If you start impeachment proceedings that you know are phony and based on evidence you manufactured you’re a fascist.
If you’re trying to control the language of others you’re a fascist.
If you control the news media you’re the fascist.
The Biden administration and Democrats did every bit of that and more and you didn't care. In fact your Nazi ass celebrated it.
MAGA lies. Biden was not a fascist under any definition. Trump is.
Lies from steaming pile of TDS-addled shit. Fuck off and die, asswipe.
"Advocacy groups..."
Stop right there.
Establish some, at least minimal, level of believability before typing one more word, asshole.
He doesn't have to.

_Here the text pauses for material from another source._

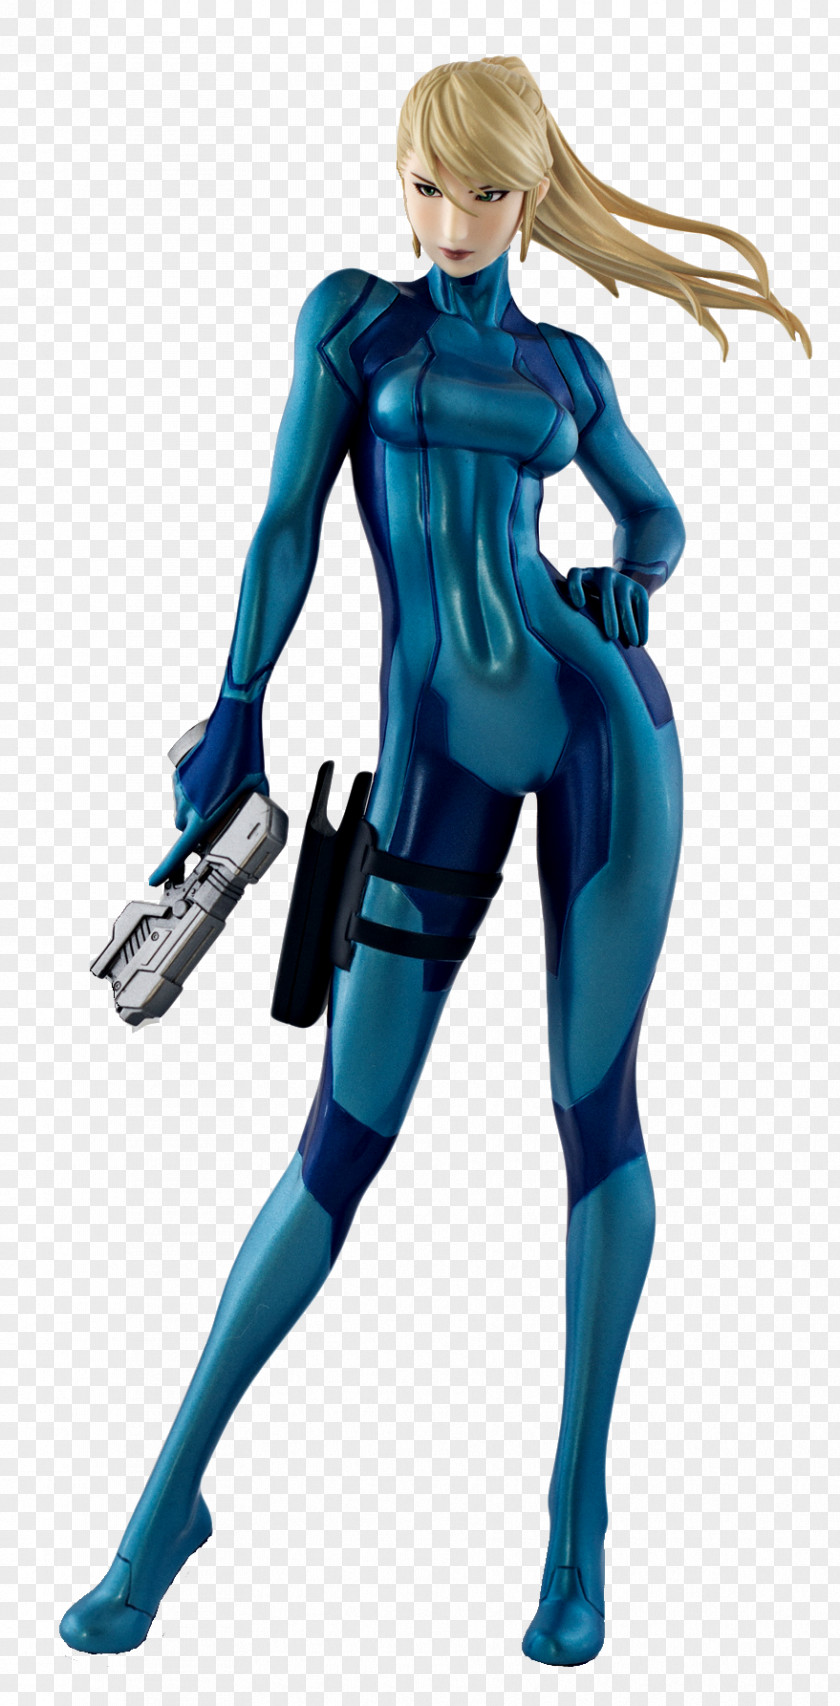 Female Suit Super Metroid Smash Bros. For Nintendo 3DS And Wii U Metroid: Zero Mission Brawl PNG

They did away with honesty back in 2016.
Why do I get the feeling that according to Reason a foreign born person possessing child porn is not a valid reason to keep that person out of the USA?
So the cultists deem that brown foreigners are really illegal even when they're not.
Such good little Germans, you are.
"So the cultists deem that brown foreigners are really illegal even when they're not."
No, the cultists are posting lies like this, slimy pile of TDS-addled shit
All credibility lost right there. "You're guilty of whatever I say you are." This is just a ploy to get kick non-whites out of the country.
As a raging case of TDS-addled shit, you lost all credibility a long time ago. Fuck off and die, shitstain.
Irritability, anger issues, repeating the same phrase over and over again... it all makes sense now.
You're a stroke victim aren't you ?
The reason for the deportations is being in the US illegally. The allegations are merely what attracted the attention of CBP.